August 4, 2017 | The United Nations will delay any substantive action on their work to enable the participation of indigenous peoples’ representatives and institutions at the UN. After years of discussions among indigenous peoples and member states, and several weeks of states-only negotiations this summer, member states were not able to reach consensus on the details of how to create a new status or category for indigenous governments.
The General Assembly is now expected to adopt a resolution in September, 2017, that will establish a new, multi-year schedule of consultations and discussions about the details of these important questions.
“It is disappointing that the UN was not able to follow through on its commitments to enhance the ability of indigenous peoples’ governments and representative institutions to contribute to the UN’s work,” said Karla General, Indian Law Resource Center attorney. “Despite being some of the first governments of the world, indigenous peoples’ governance institutions are among the last to be afforded access to the UN. Yet, we are encouraged to see there will be a clear calendar for continued discussions of this matter in the coming years. There is much work to be done to secure a good outcome, and we remain committed to working with indigenous peoples around the world and with all member states to do so.”
Indigenous peoples and member states have been consulting and working on developing common language on participation since the World Conference on Indigenous Peoples in 2014. In May, an initial first draft of the resolution, based on input from indigenous peoples, member states, and UN agencies, was submitted for consideration by member states. After many negotiations and multiple revisions, states reached an impasse on the question of a no-objection procedure, a mechanism that would allow a member state to secretly exclude an applicant from being credentialed to participate at the UN without providing any reasons. Because this process is secret, the no-objection procedure would effectively shield the objecting member state from political retribution and public scrutiny.

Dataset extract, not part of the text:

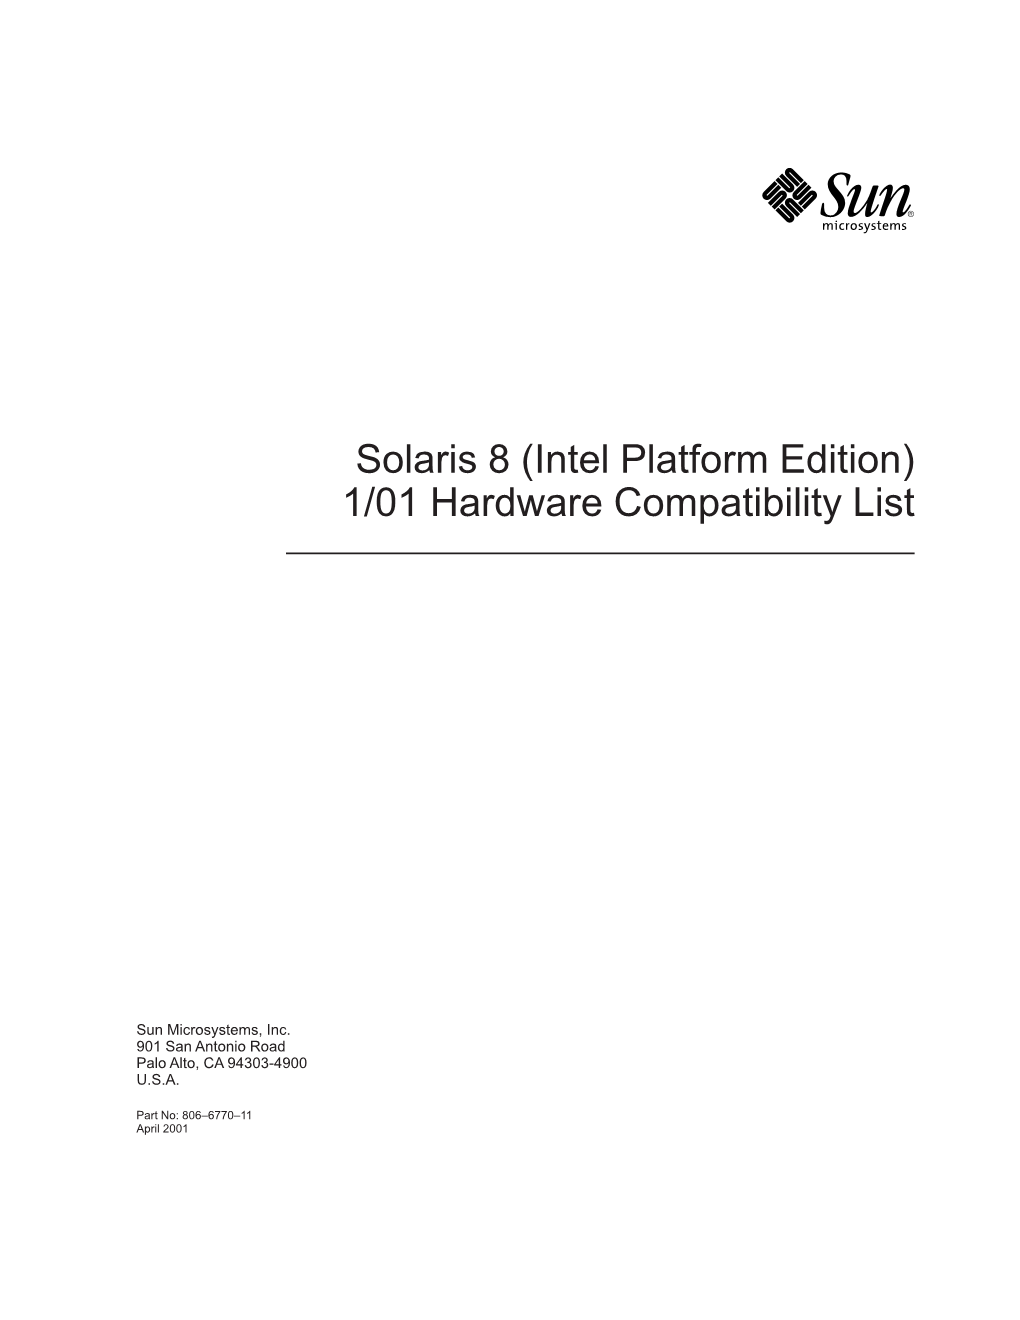 Intel Platform Edition) 1/01 Hardware Compatibility List

Because of the lack of consensus, the draft resolution simply commits the General Assembly to continue consideration of the issue in the coming years, and delays any actual decision on participation until the 75th Session of the General Assembly, which begins September 2020 and ends September 2021. In the interim, the Secretary-General is tasked with coordinating regional consultations with indigenous peoples and producing a report with recommendations informed by the results of the regional consultations and the 2017 consultations. In addition, the draft resolution asks the President of the General Assembly to conduct three interactive hearings among member states and indigenous peoples during the Permanent Forum on Indigenous Issues’ annual sessions in 2018-2020. The results of the consultations, the Secretary-General’s report, and the hearings are all intended to contribute to future consideration of the issue.